Juries are fairly rare things these days.
They were developed in 12th century English common law, and were originally investigators and act as witnesses (this was centuries before police forces or modern ideas about public law enforcement). At the time courts moved around, so were only in town for a short period any given year, and would hear all the cases at once. The jury, made up of local rich and influential people, was there to explain (under oath) what happened – stating the facts they were expected to know, being local – so the judge, from outside, could apply those facts to the law and give a ruling.
It was a way of balancing the power of the King (via the royal justices who answered to him) with the local establishment (who got to be on the juries).
The modern jury evolved from this over the centuries, emphasising the split between the jury who answer questions of fact (what happened) and the judge who answers questions of law (what does this mean). They work together to come to a verdict.

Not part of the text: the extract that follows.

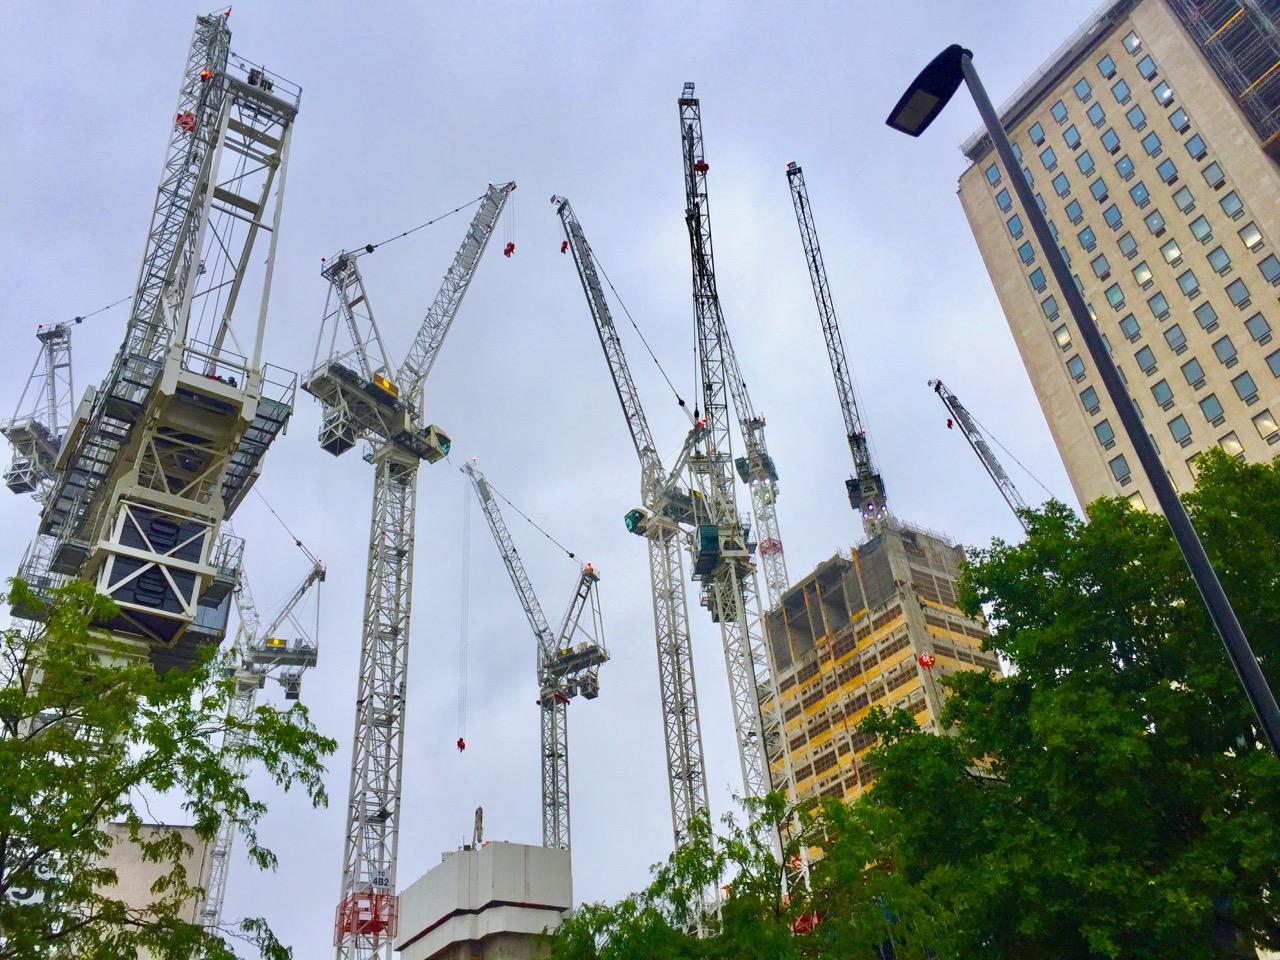 Cranes constructing properties in London

The US uses juries a lot (more than anywhere else) because when the US Constitution was being written juries were all the rage (particularly as a way to protect the upper-middle classes from the ruling classes). There is a whole load of awkward 18th century ideology wrapped up in juries (such as the idea that the best way to determine the truth of something is to ask a rich, white man his opinion), and so the US Constitution requires juries for criminal *and civil* trials, and even *grand juries*, which are now only used by the US and Liberia (modelled on the US).
Most other countries that used juries (mostly copied from the English common law system) have dropped them for most cases – even in England less than 5% of criminal cases go before a jury, and civil juries are only used in exceptional cases.
The idea behind a jury is that the average person is the best person to determine what is and isn’t true, particularly when it comes to testimony, and that a jury offers a level of protection against unjust laws. The former is demonstrably untrue (by the number of cases were juries reach crazy conclusions), the latter probably is (although also opens the door to lots of other problems – the US in particular had a big problem with racism in juries, and arguably still does).
The idea behind a bench trial is that judges are harder to sway and manipulate emotionally (lawyers going before a jury will have all sorts of research on how to have their clients and witnesses dress, speak, behave etc. to make the right impression on the jury), and also don’t have to waste the court’s time by explaining basic legal principles to the jury. Judge-only trials can get straight to the heart of the dispute, often briefing all the other issues on paper.
Trials (or appeals) with multiple judges are a sort of balance between this; reducing the problems of having a single point of failure (in the single judge), but still having experts or professionals making the decision.